__WORK TO COMPLETE__
Strip the pictures and reproduce the rest of the listing exactly.

:: PROVIDED DATA

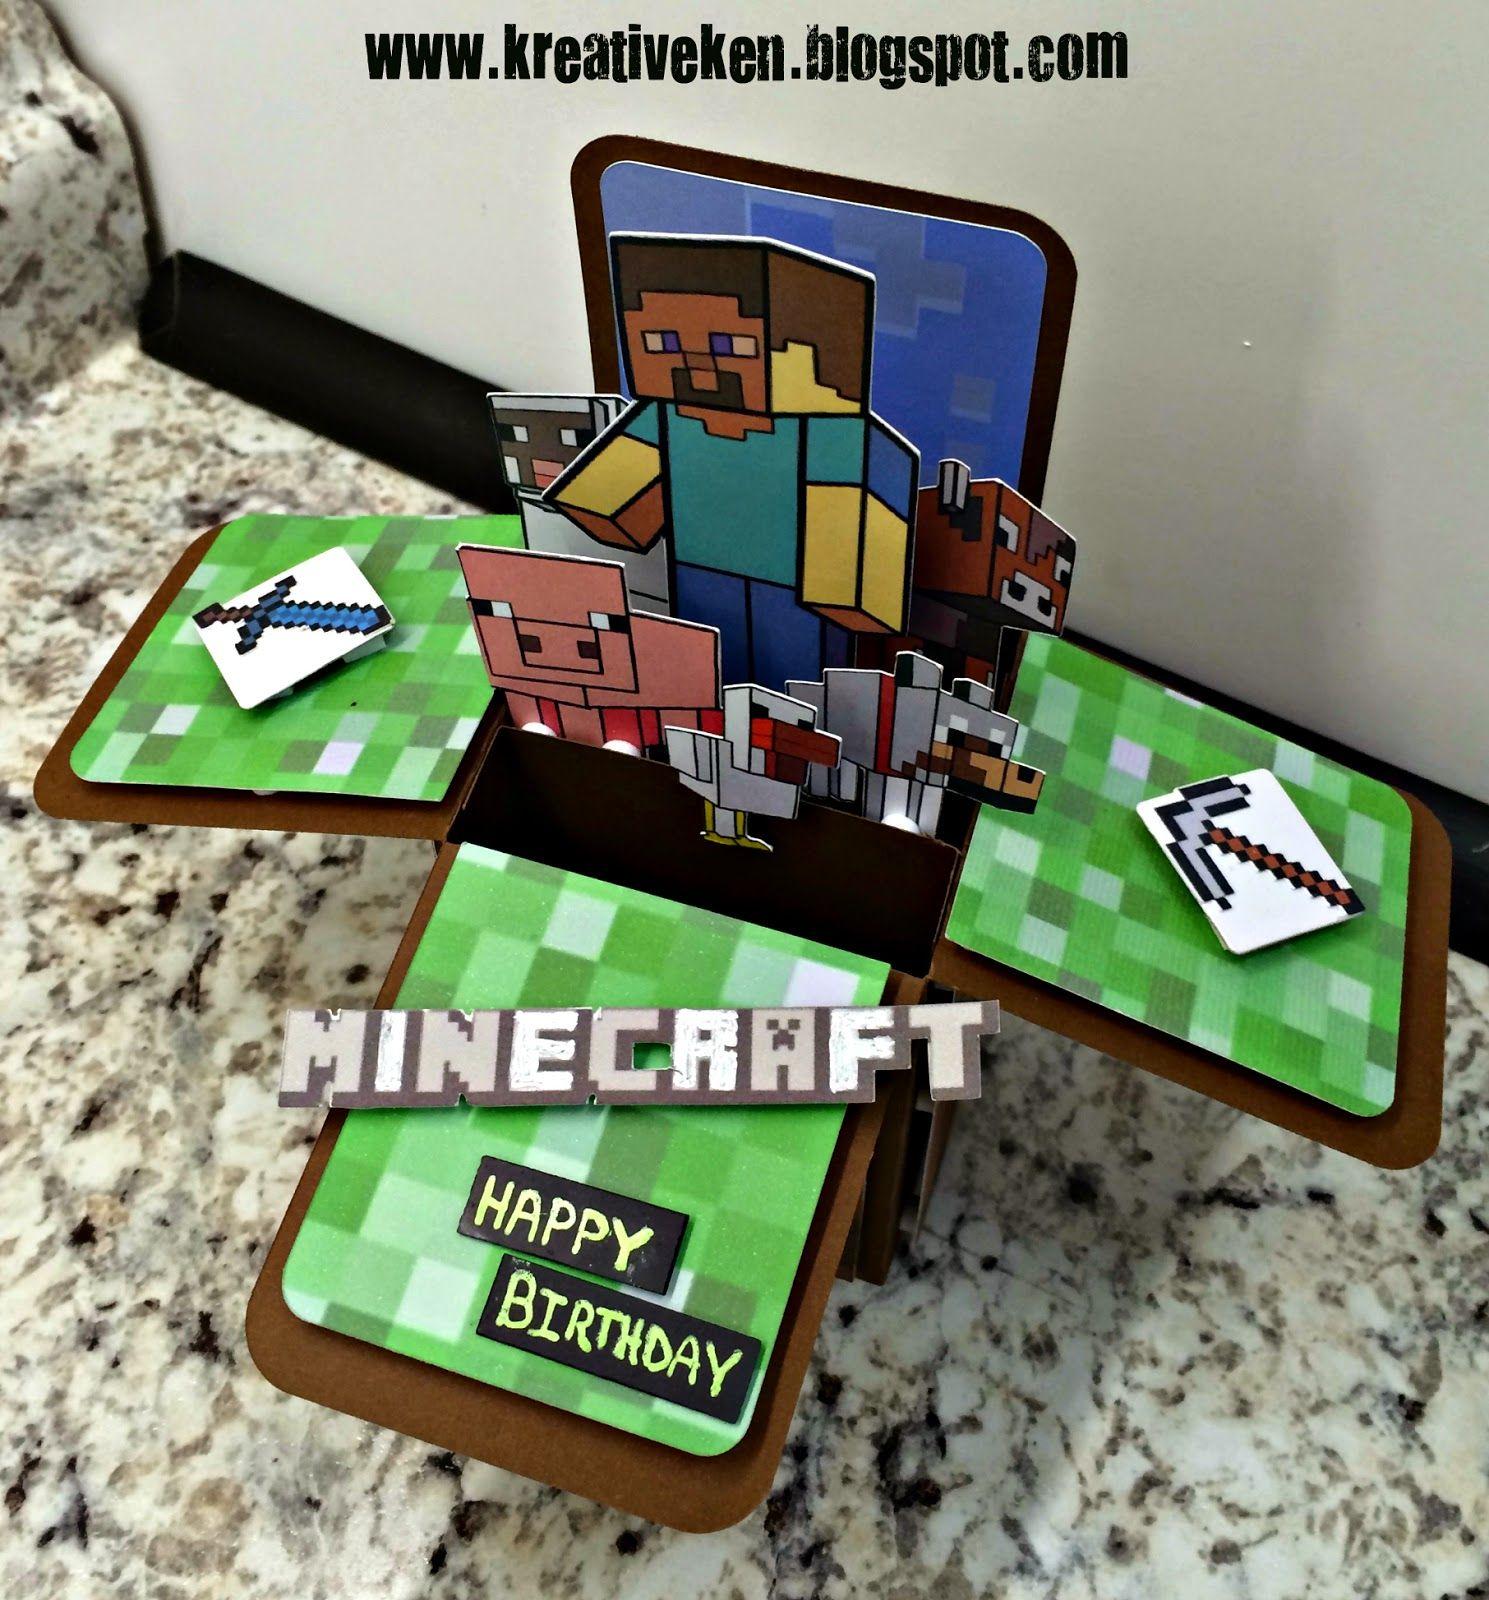 MINECRAFT BIRTHDAY CARD Minecraft birthday card
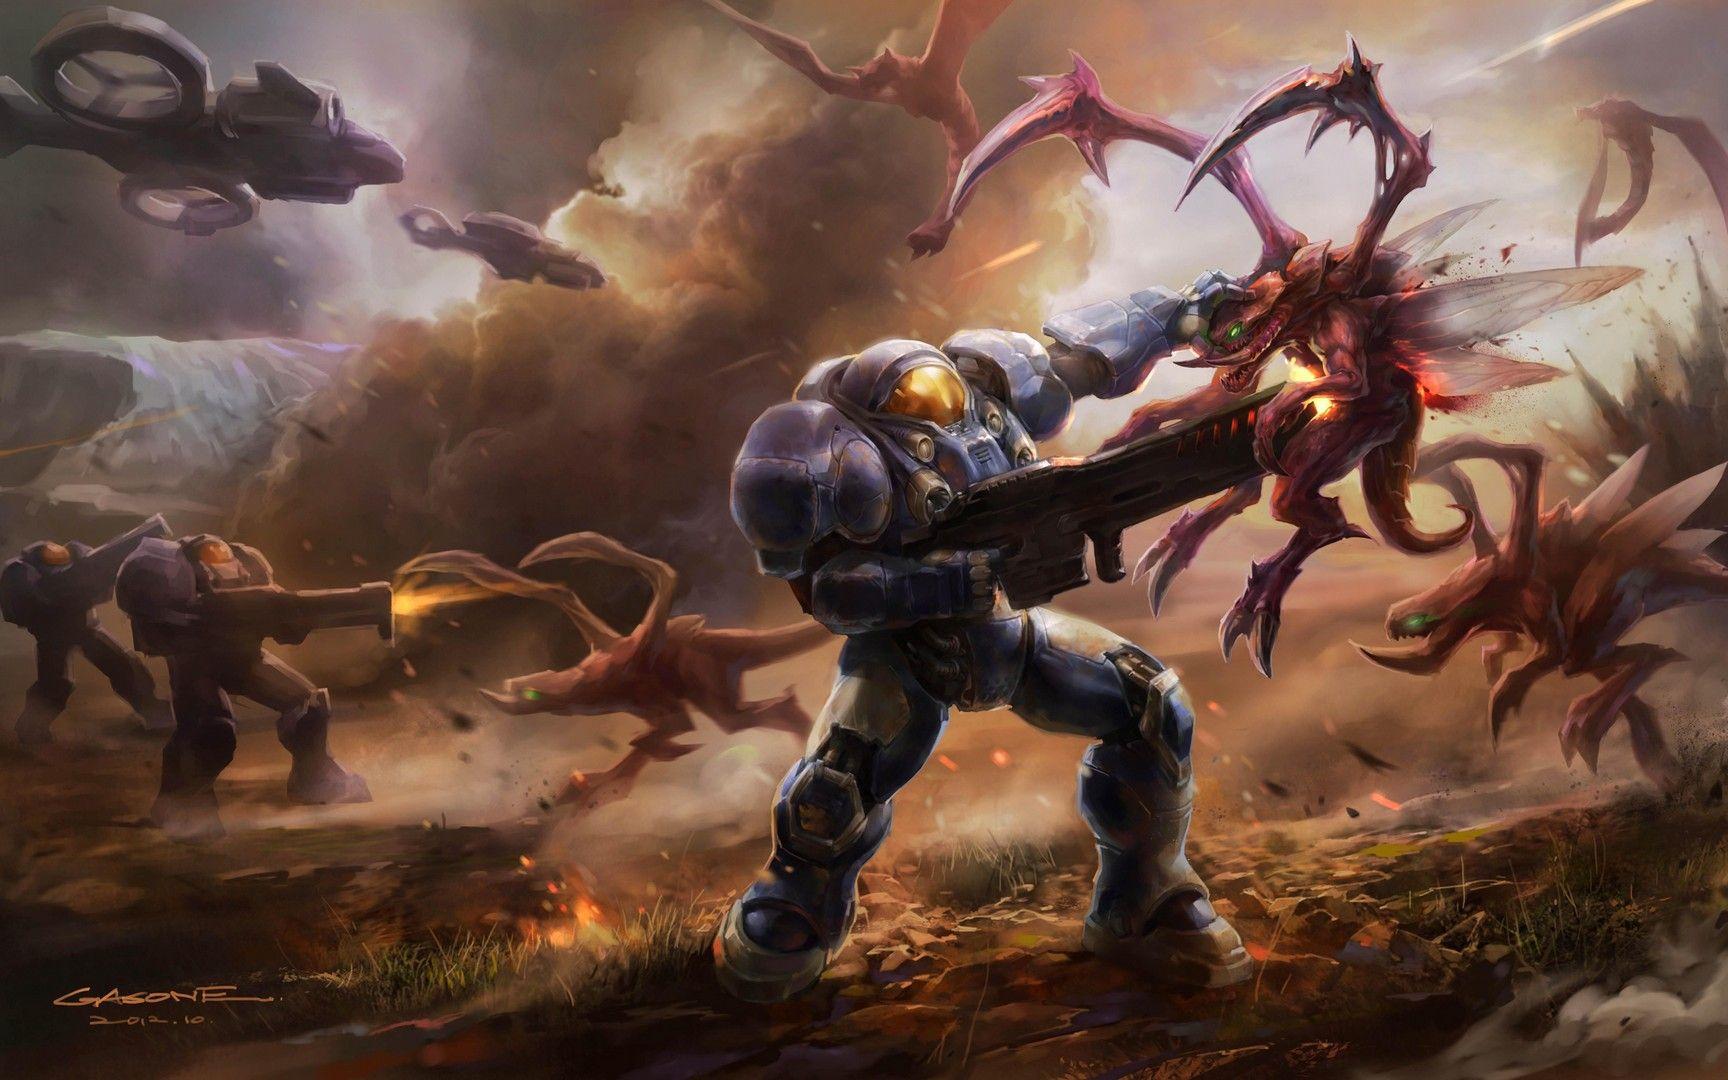 starcraft-2-zerg-wallpapers-best | Игровые арты, Комиксы ...
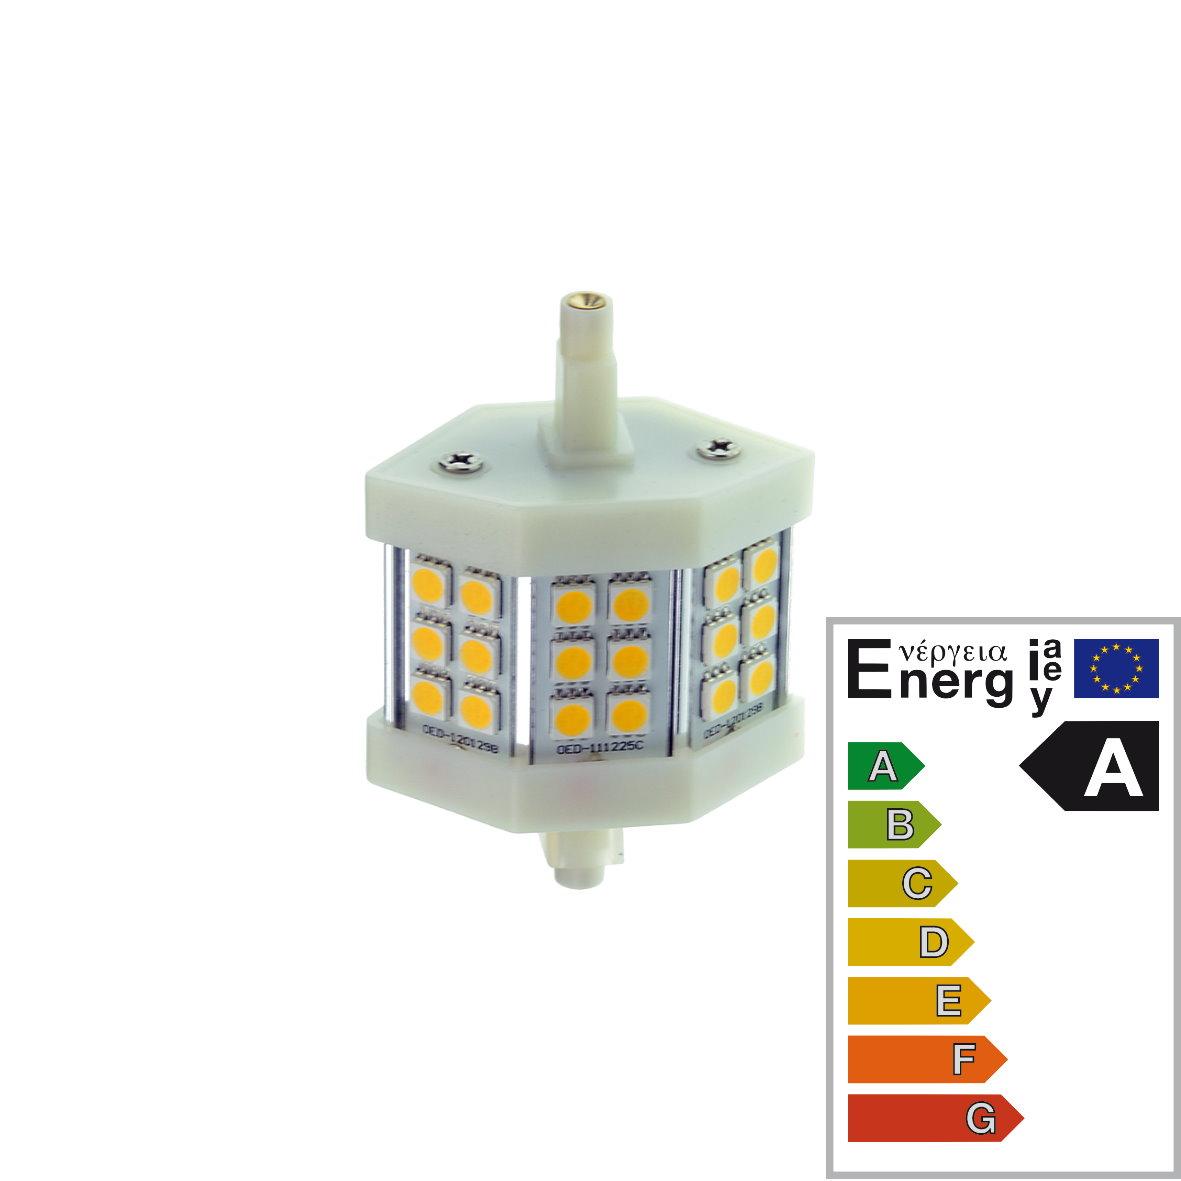 R7 60w Light Bulb
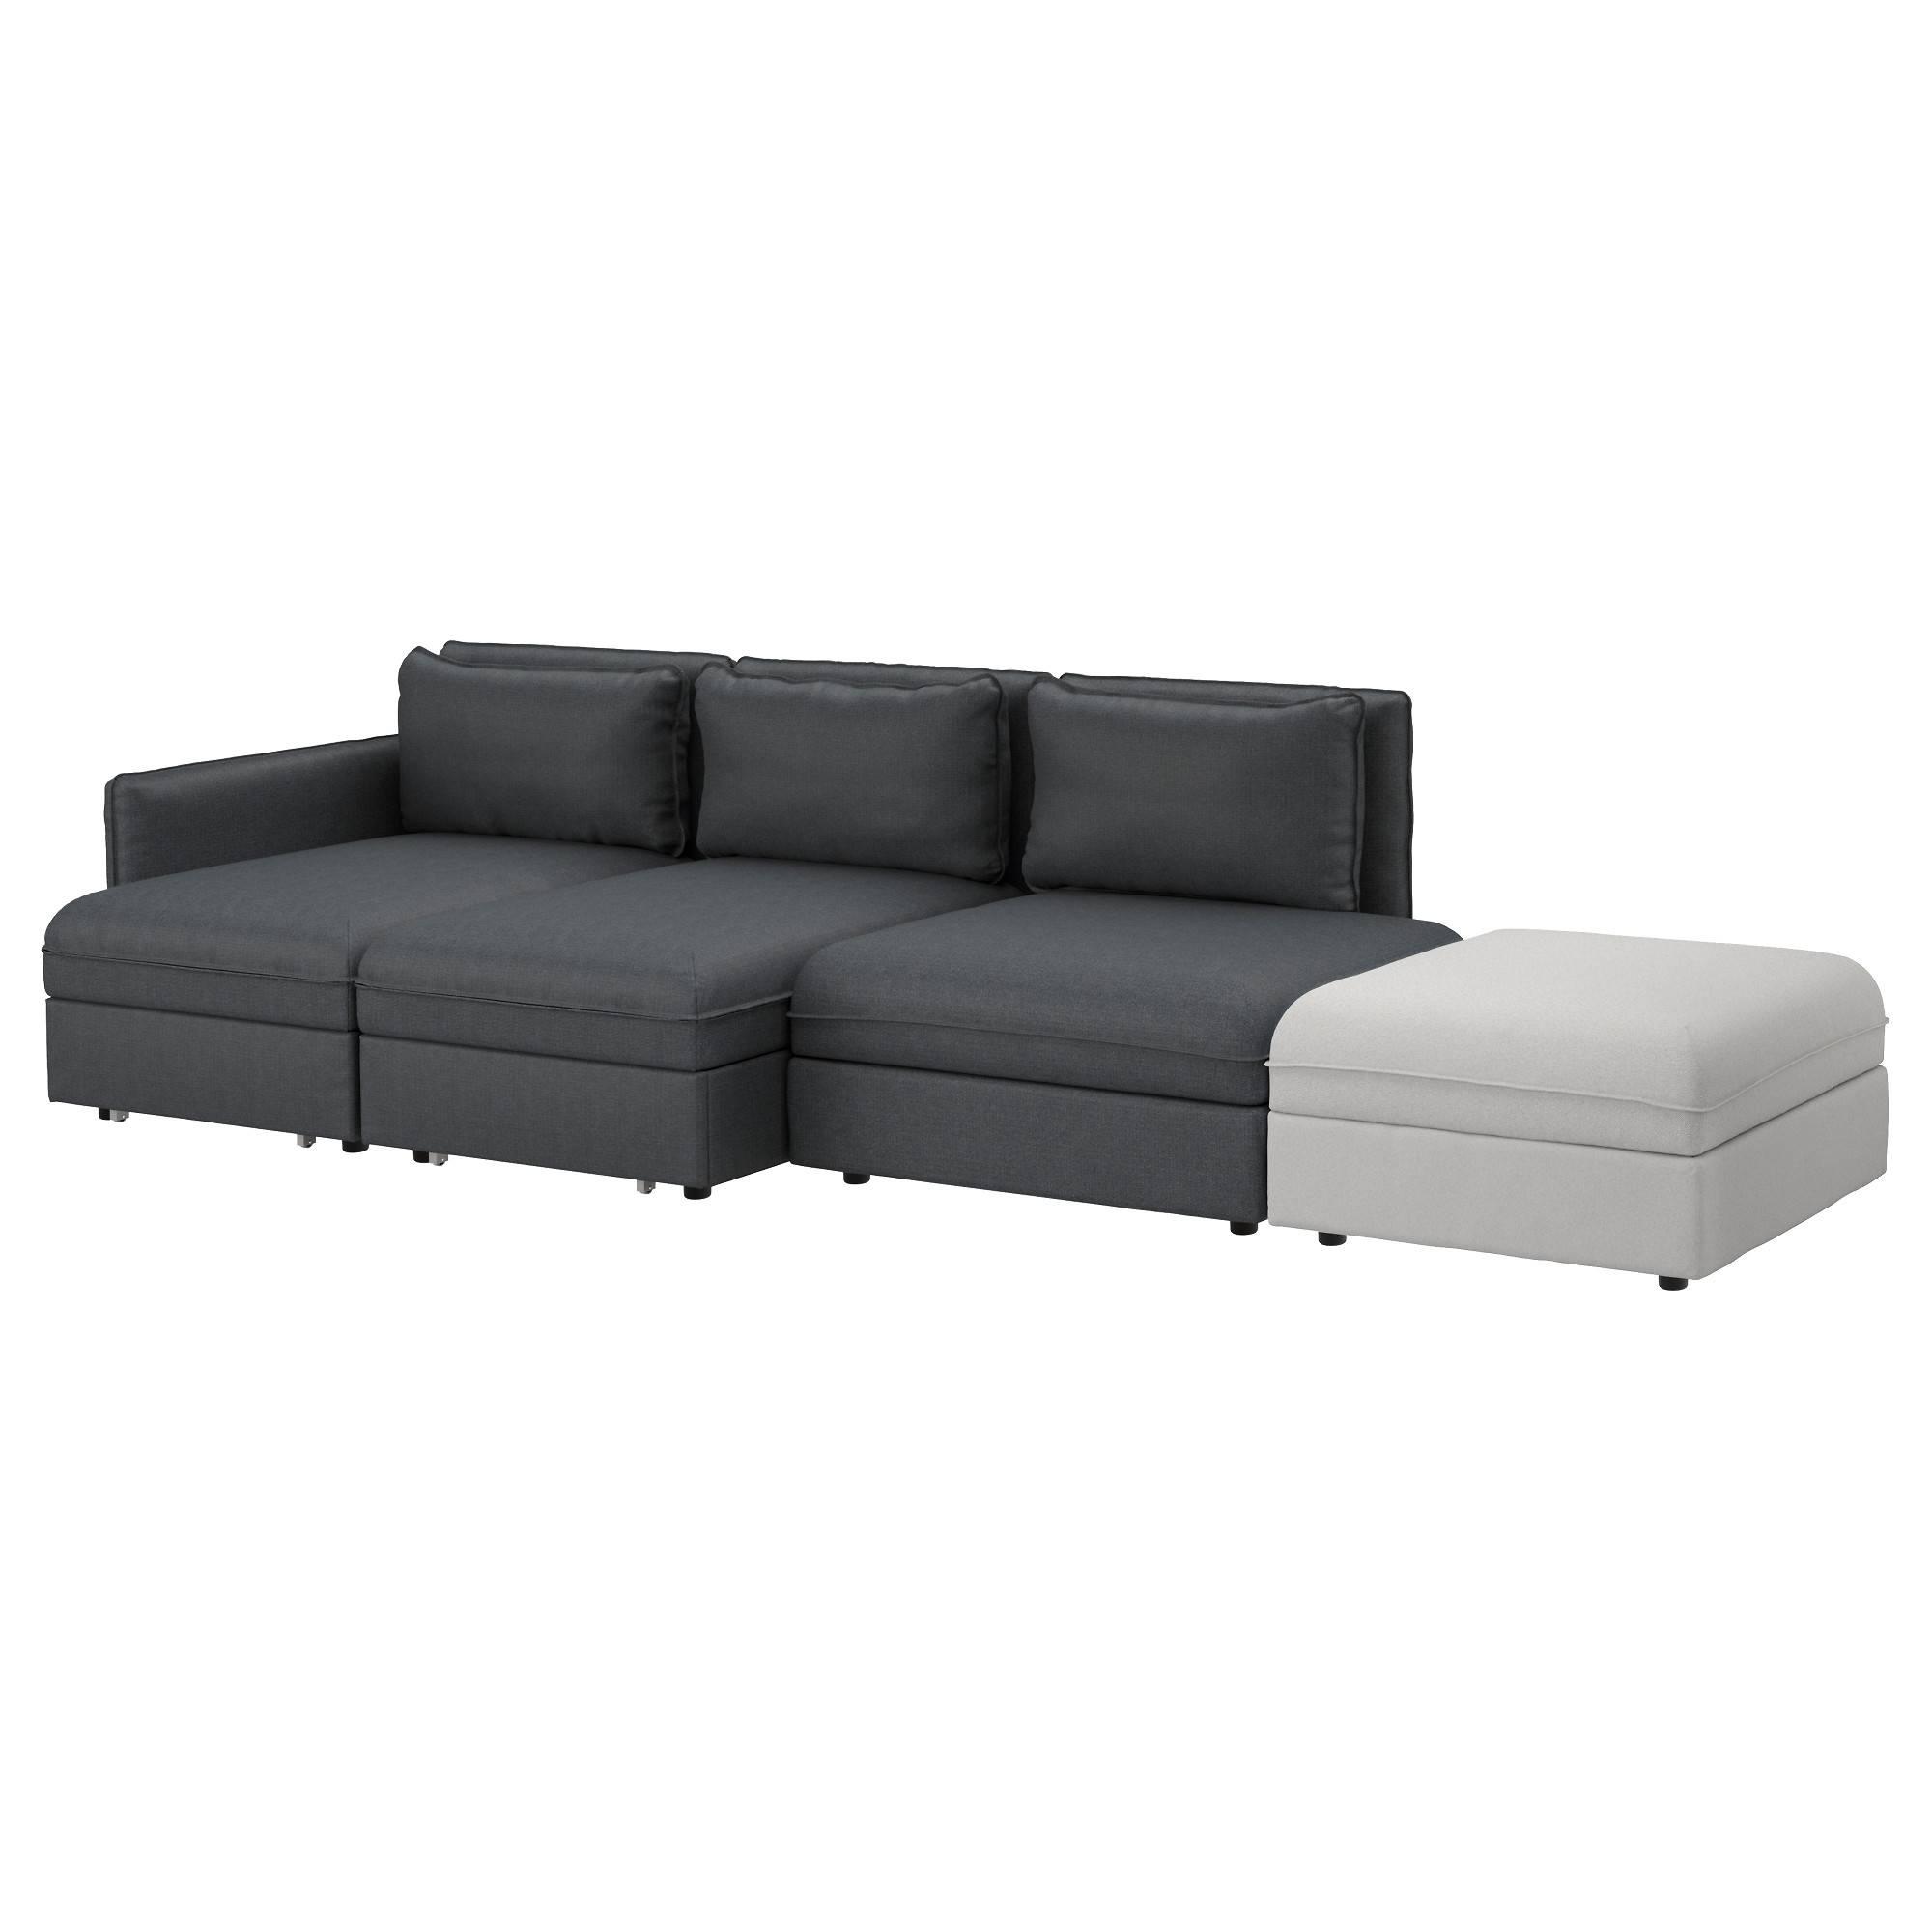 Sofa Beds & Futons - Ikea with regard to Sectional Sofa Beds (Image 20 of 30)

::::

__RESULT BELOW__
 MINECRAFT BIRTHDAY CARD Minecraft birthday card
 starcraft-2-zerg-wallpapers-best | Игровые арты, Комиксы ...
 R7 60w Light Bulb
 Sofa Beds & Futons - Ikea with regard to Sectional Sofa Beds (Image 20 of 30)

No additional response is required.